Chapter 23. High Performance
This chapter will teach you the fastest ways to insert and query data with CouchDB. It will also explain why there is a wide range of performance across various techniques.
The take-home message: bulk operations result in lower overhead, higher throughput, and more space efficiency. If you can’t work in bulk in your application, we’ll also describe other options to get throughput and space benefits. Finally, we describe interfacing directly with CouchDB from Erlang, which can be a useful technique if you want to integrate CouchDB storage with a server for non-HTTP protocols, like SMTP (email) or XMPP (chat).

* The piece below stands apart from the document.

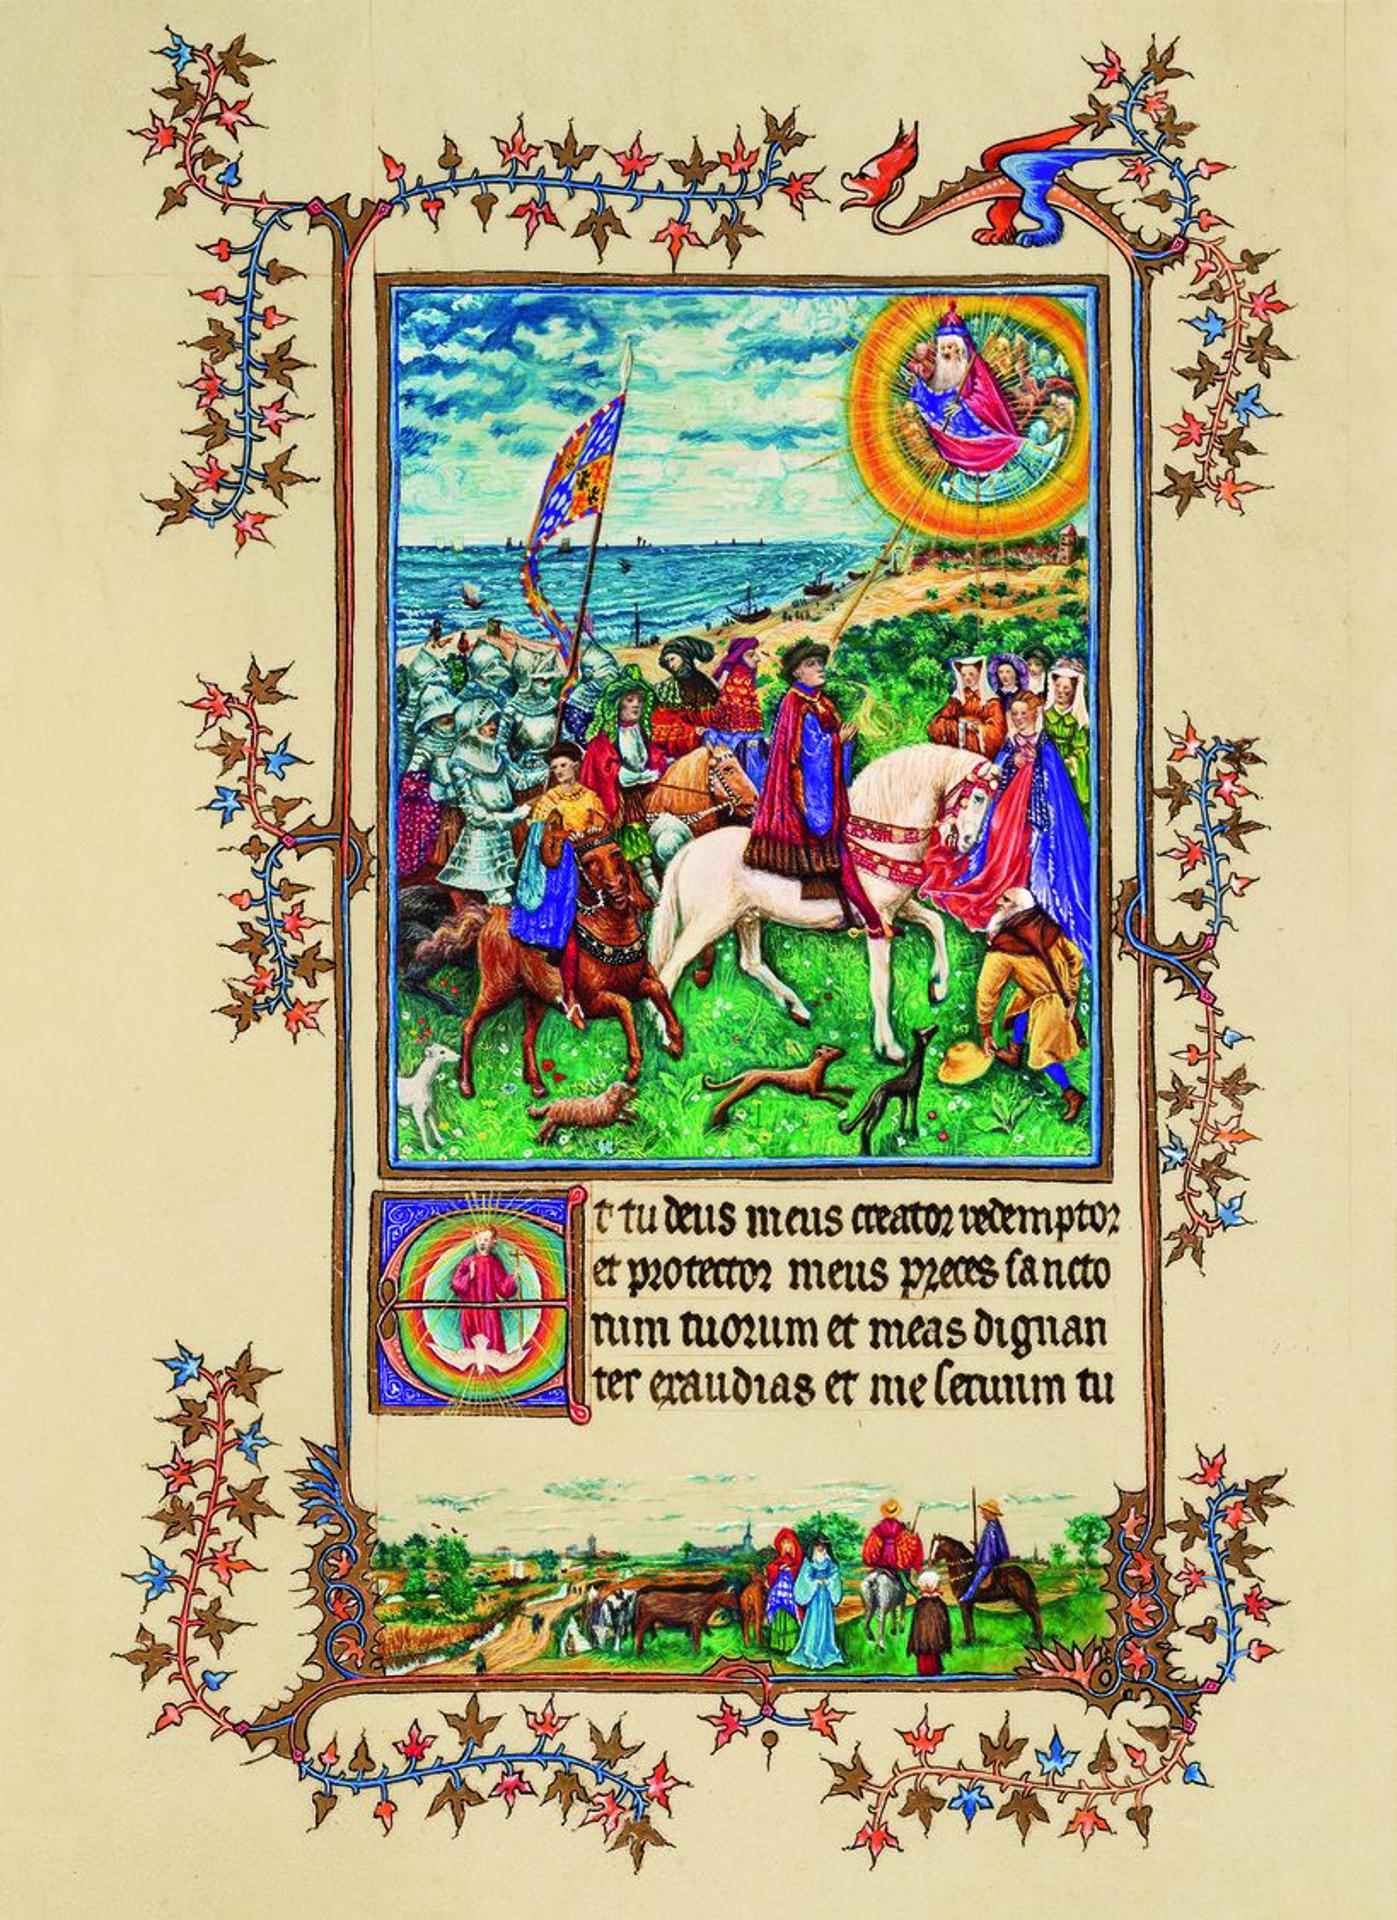 Libro de Oraciones de Torino del duque de BerryAutor: Patrimonio Ediciones.

Good Benchmarks Are Non-Trivial
Each application is different. Performance requirements are not always obvious. Different use cases need to tune different parameters. A classic trade-off is latency versus throughput. Concurrency is another factor. Many database platforms behave very differently with 100 clients than they do with 1,000 or more concurrent clients. Some data profiles require serialized operations, which increase total time (latency) for the client, and load on the server. We think simpler data and access patterns can make a big difference in the cacheability and scalability of your app, but we’ll get to that later.
The upshot: real benchmarks require real-world load. Simulating load is hard. Erlang tends to perform better under load (especially on multiple cores), so we’ve often seen test rigs that can’t drive CouchDB hard enough to see ...